DETAILED DESCRIPTION OF THE INVENTION [Field of Industrial Application] The present invention relates to a dome for a negative pressure respirator used mainly for patients with chronic respiratory failure.

[Prior art]

Negative pressure ventilators, which support physiological negative pressure breathing, are useful for respiratory support for patients with chronic respiratory failure due to pulmonary fibrosis, emphysema, sequelae of pulmonary tuberculosis, etc., and neuromuscular diseases.
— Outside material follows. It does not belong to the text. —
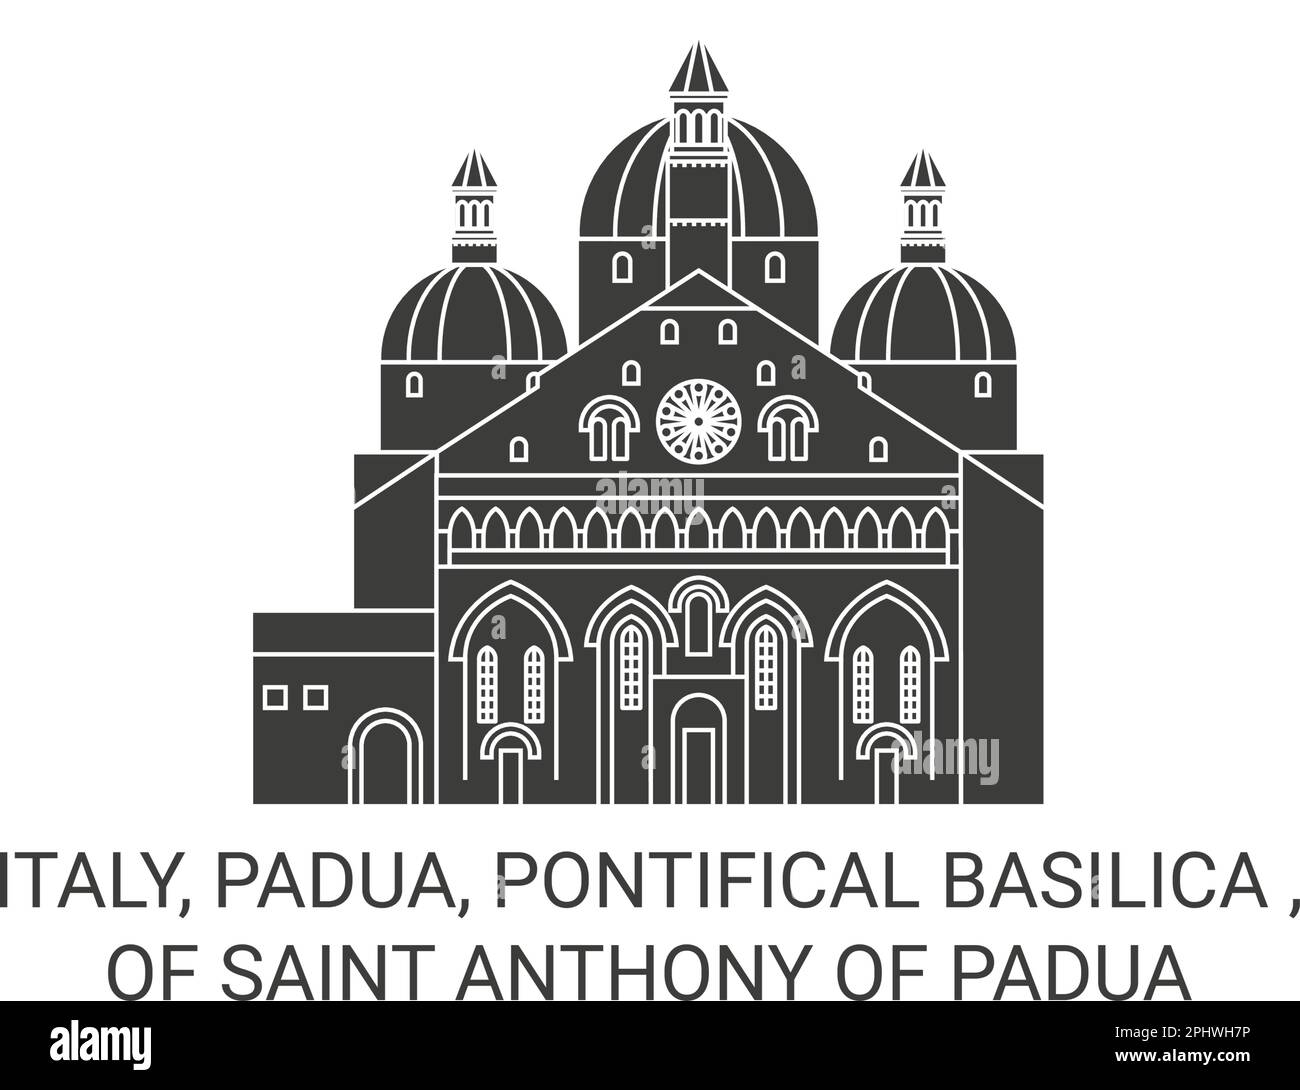 Italia, Padova, Pontificia Basilica , di Sant'Antonio da Padova viaggio punto di riferimento vettoriale illustrazione Illustrazione Vettoriale

However, conventional negative pressure ventilators are large and heavy, like iron lungs, and
Even with an armor-shaped dome, because each patient's body shape is different, air may leak through the gap between the dome and the patient's body surface, making it impossible to obtain sufficient negative pressure.
Problems included the fact that it took too long to exhaust the air inside the dome and reach the negative pressure necessary to support breathing. In order to prevent air leakage from the periphery of the dome, methods such as wearing a jacket over the dome, attaching a rubber tube around the dome, or wrapping a wrap around the gap have been devised. None of these methods were satisfactory, as they were not sufficiently effective in preventing leakage, and the expansion and contraction of the jacket and tube required a long time to reach the necessary negative pressure.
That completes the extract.